I’ve intuitively known when building stuff to figure out the major entities first, then fill in the secondary ones as the system grows. But the notion that you can figure out all of the data for your solution by examining the decisions that get made as people work through their problems really helps in scoping the work.

Take any sort of system, write out all of the decisions you expect people to make as a result of using it, and then you have your schema for the database. You can prioritize the decisions based on how you are justifying, funding, or growing the system.

Following that, first you decide on the problem you want to solve. You figure out which major decisions the users would need to make using your solution, then you craft a schema. From there, you can start adding features, implementing the functionality they need to make it happen. You still have some sense of which decisions you can’t deal with right away, so you get a roadmap as well.

Software essentially grows from a starting point in a problem space; if we envision that as being fields of related decisions, then it helps shape how the whole thing will evolve.

For example, if you want to help the users decide what’s for dinner tonight, you need data about what’s in the fridge, which recipe books they have, what kitchen equipment, and what stores are accessible to them. You let them add to that context, then you can provide an ordered list of the best options, shopping lists, and recipes. If you do that, you have solved their ‘dinner problem’; if you only do a little bit of that, the app is useless. Starting with the decision that they need help making clarifies the rest of it.

As I have often said, software is all about data; code is just the way you move it around. If you want to build sophisticated systems, you need to collect the right data and present it in the right way. Garbage data interferes with that. If you minimize the other resource usages like CPU, that is a plus, but it is secondary.

Thursday, December 4, 2025

Expressive Power

You can think about code as just being a means to take different inputs and then deliver a range of related outputs.

In a relative sense, we can look at the size of that code (as the number of lines) and the range of its outputs. We can do this from a higher system perspective.

So, say we have a basic inventory system.
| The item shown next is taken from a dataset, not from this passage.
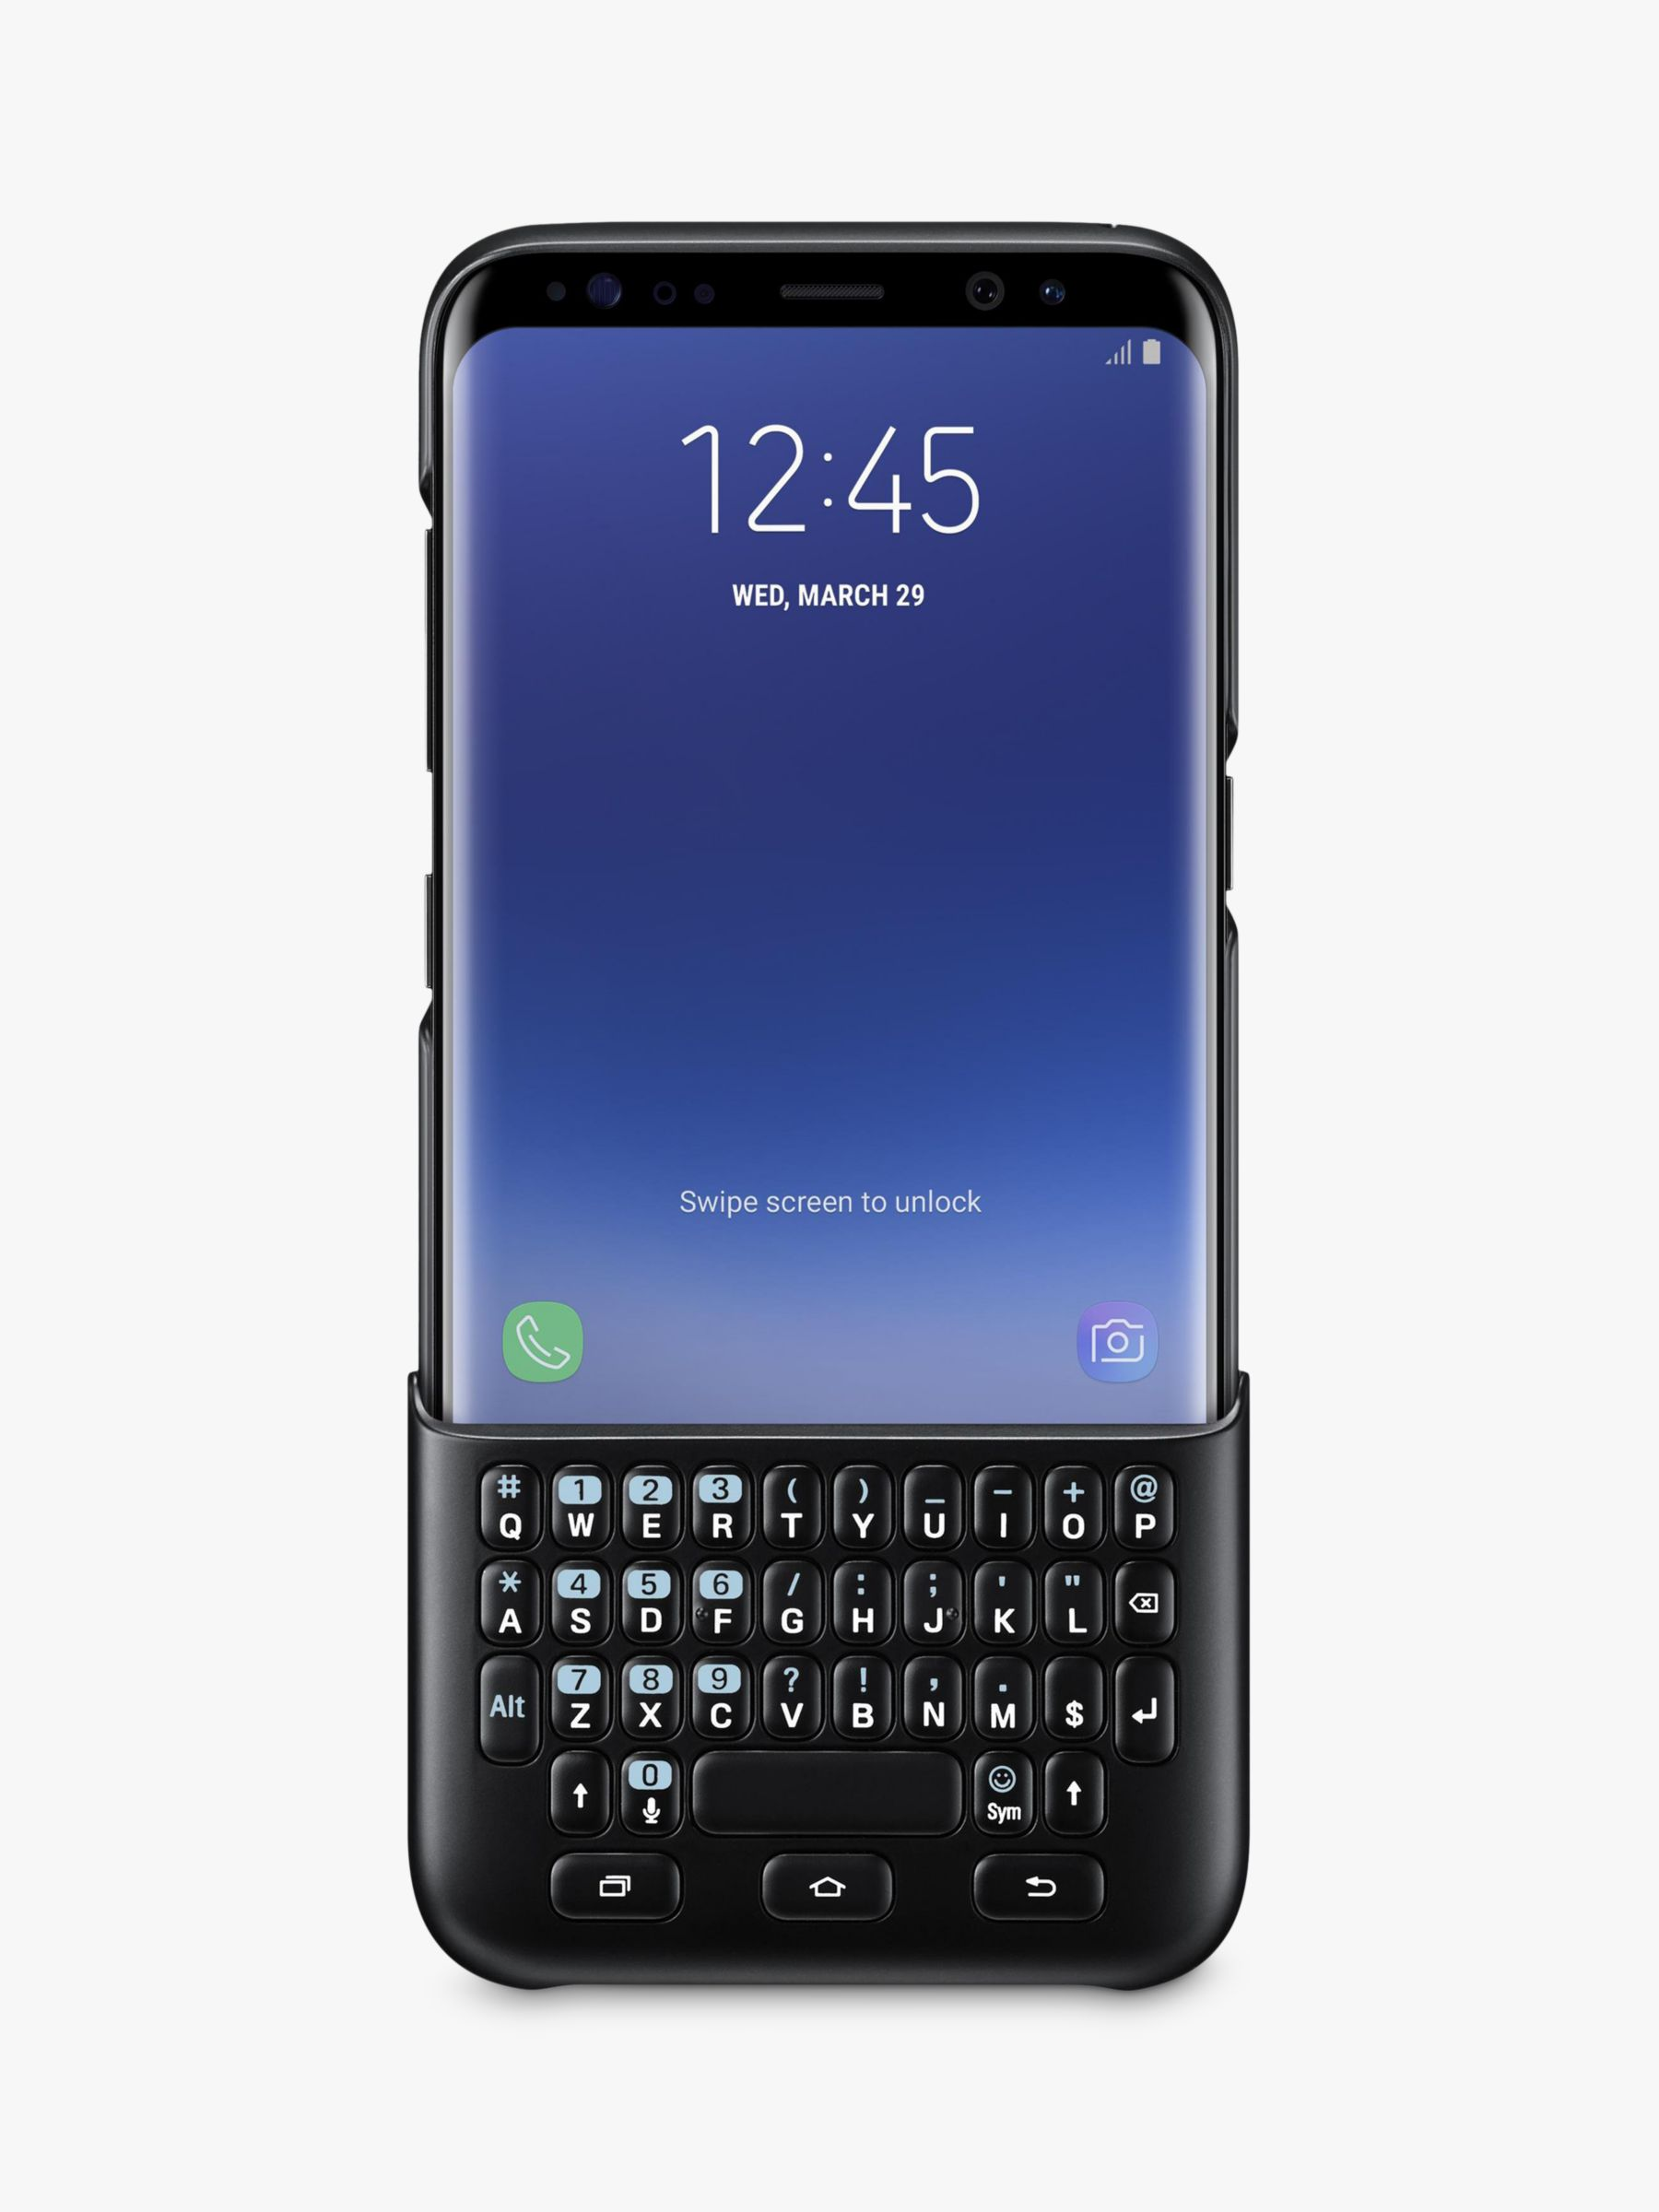 d591b7bb240 Samsung Galaxy S8 Keyboard Cover at John Lewis & Partners

It collects data about some physical stuff, lets people explore it a bit, then exports the data downstream to other systems. Without worrying about the specific features or functionality, let's say we were able to get this built with 100k lines of code.
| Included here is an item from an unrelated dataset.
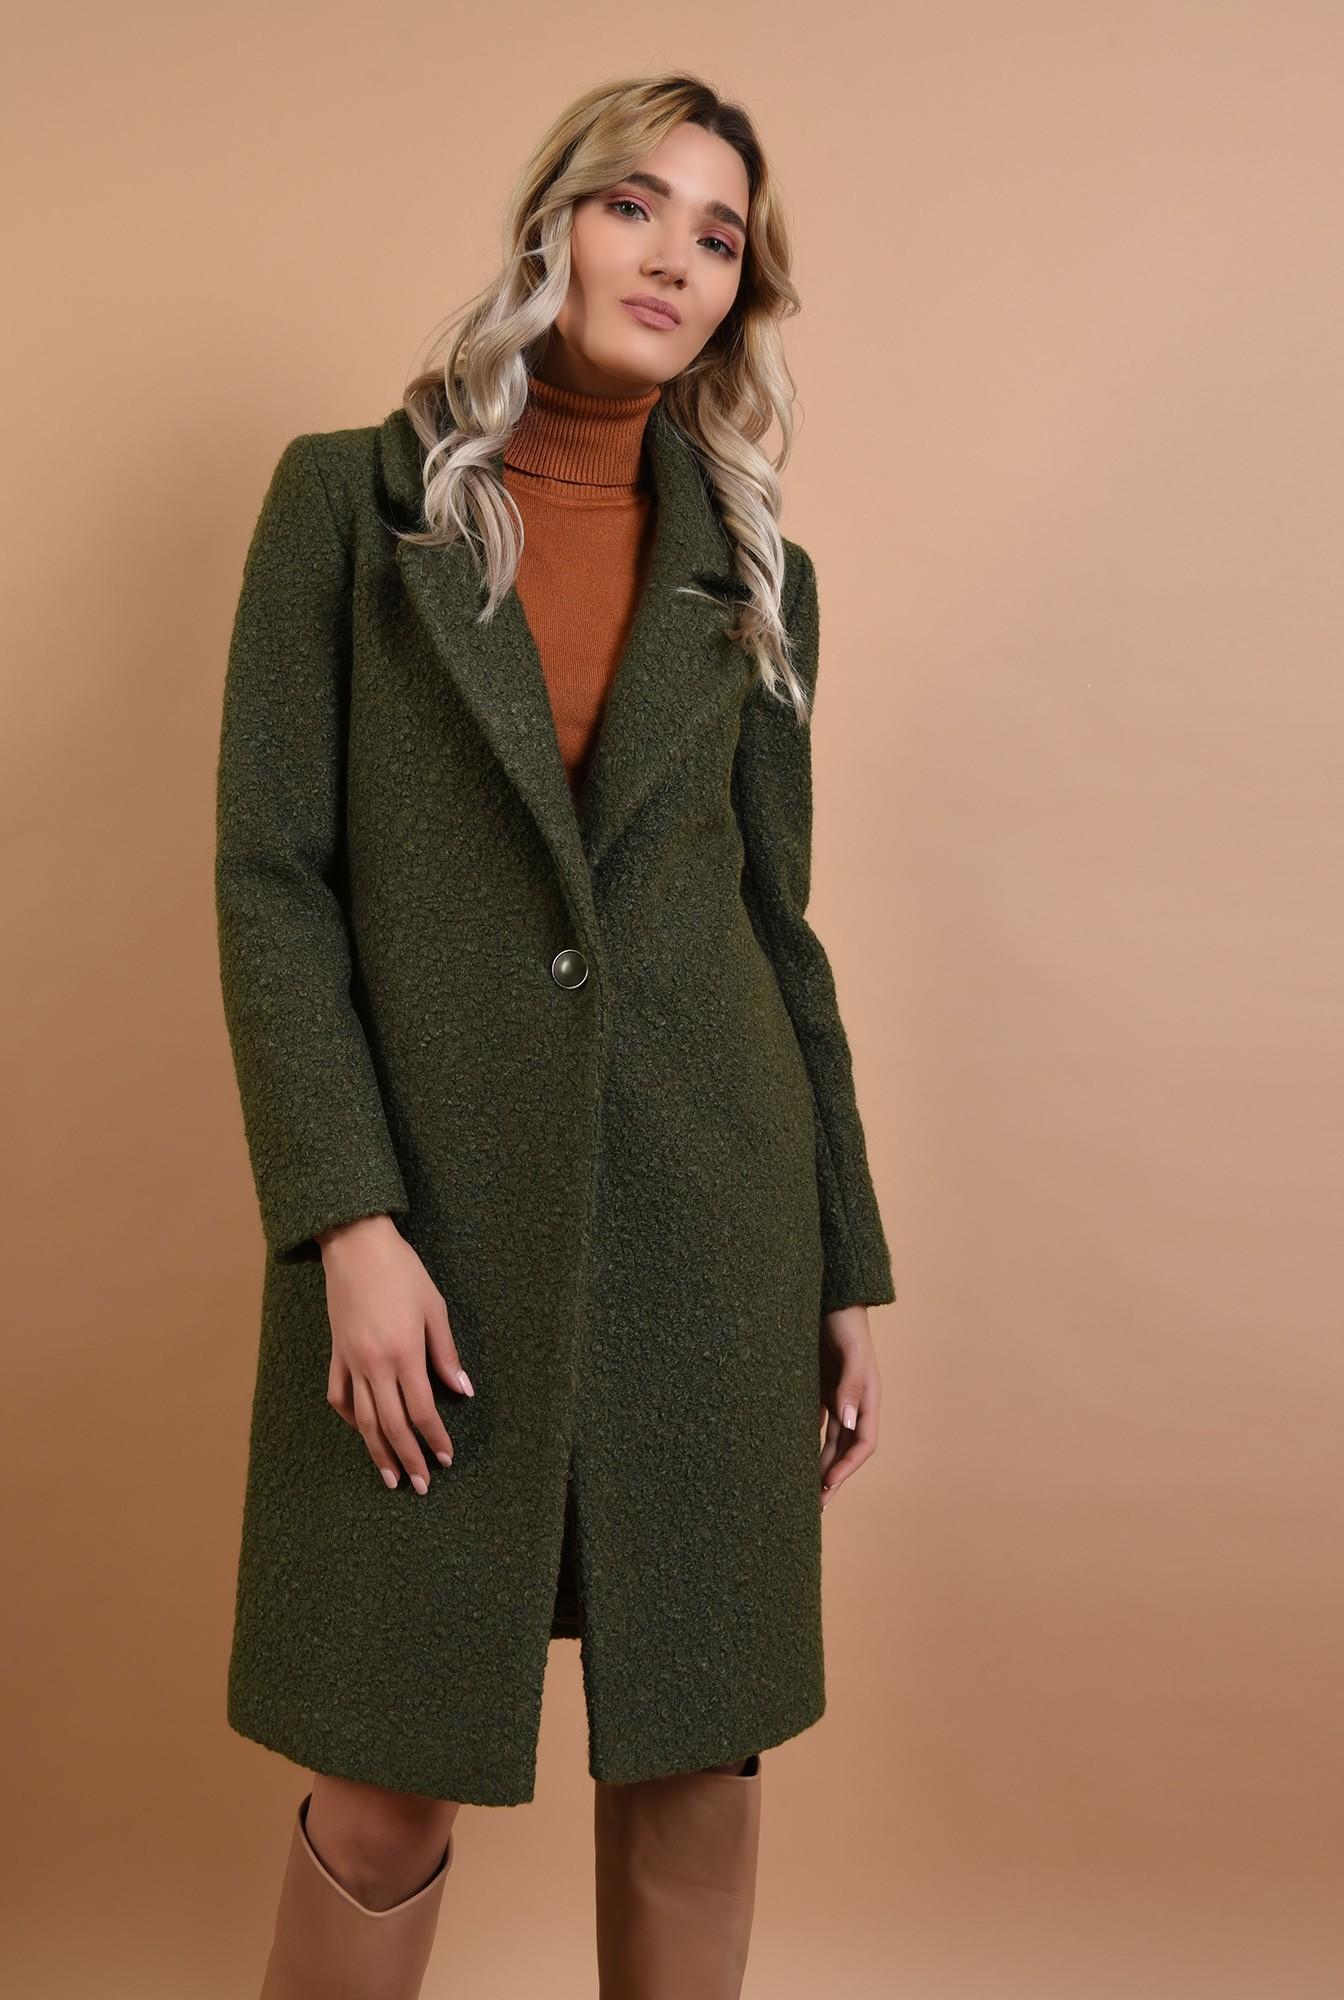 0 - palton kaki, cu nasture, cu revere, lana buclata

If someone could come along and write the exact same system with 50K lines of the same type of code, it is clear that their code has more ‘expressive power’ than our codebase. Both are doing the same thing, take the same inputs, generate the same range of outputs, use the same technologies, but one is half the amount of code.

We want to amplify expressive power because, ultimately, it is less work to initially build it, usually a lot less work to test it, and it is far easier to extend it over its lifetime.

The code is half the size, so half of the typing work. Bugs loosely correlate to code size, so there are relatively half the number of bugs. If the code reductions were not just cute tricks and syntactic sugar, it would require a bit more cognitive effort to code, and bug fixing would be a little harder, but not twice, so there is still some significant savings. It’s just less brute force code.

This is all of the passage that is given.